The gene editing technology, CRISPR-Cas9 helps better understand facioscapulohumeral muscular dystrophy (FSHD), said new study.
CRISPR-Cas9, the gene editing technology helps better understand facioscapulohumeral muscular dystrophy (FSHD) and explore potential treatments, found new study. FSHD causes muscle weakness in the face, shoulder blades, and upper arms, and currently has no treatment other than supportive care, stated new study led by Louis Kunkel, PhD, and research fellow Angela Lek, PhD at Boston Children's Hospital.
‘CRISPR-Cas9 gene editing technology is best known for its potential role in correcting genetic diseases. But it can also be used as a tool to find genes that act as supporting players, making the disease better or worse. Such genes might make good targets for new treatments.’

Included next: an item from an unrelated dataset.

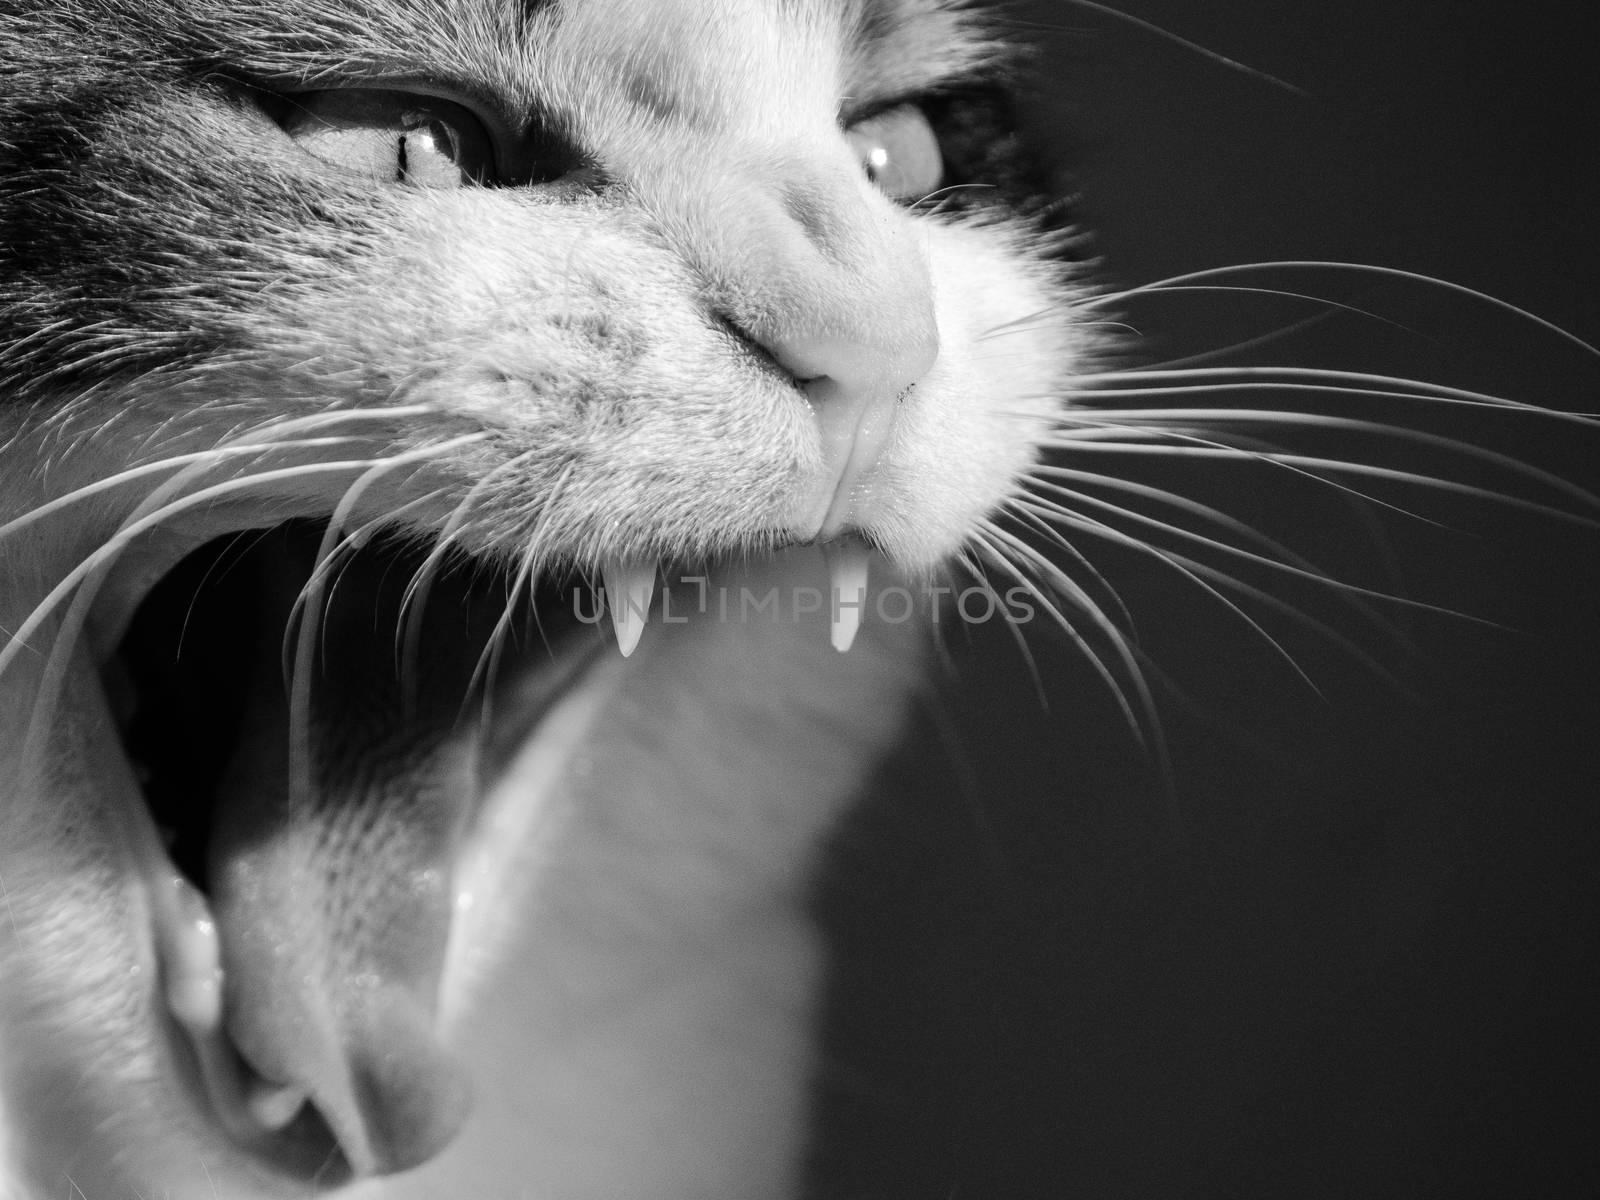 Cat yawning. Cat with its mouth open showing its teeth. Hissing.

In FSHD, the gene DUX4, normally active mainly during fetal development, is inappropriately "turned on." This causes toxic DUX4 protein to be produced in muscle cells when it shouldn't be, leading to cell death and muscle weakness. Kunkel, Lek, and colleagues wondered if other genes could be targeted to prevent or compensate for this problem. They decided to use CRISPR-Cas9 to systematically mutate every gene in the genome. Their goal: to find genes that, when knocked out, enable human muscle cells to survive even when the DUX4 protein is being made.
"We essentially utilized the CRISPR screen technique as a shortcut to illuminate 'druggable' pathways for FSHD," says Lek, the paper's first author.
Preventing muscle cells from dying
The CRISPR-Cas9 screening process yielded about a half-dozen strong "hits." Among them were several genes that play a role in the cellular response to low-oxygen conditions, or hypoxia. That, it turns out, is the main driver of cell death caused by DUX4. When the team exposed muscle cells to compounds known to inhibit this hypoxia response, the cells stayed alive.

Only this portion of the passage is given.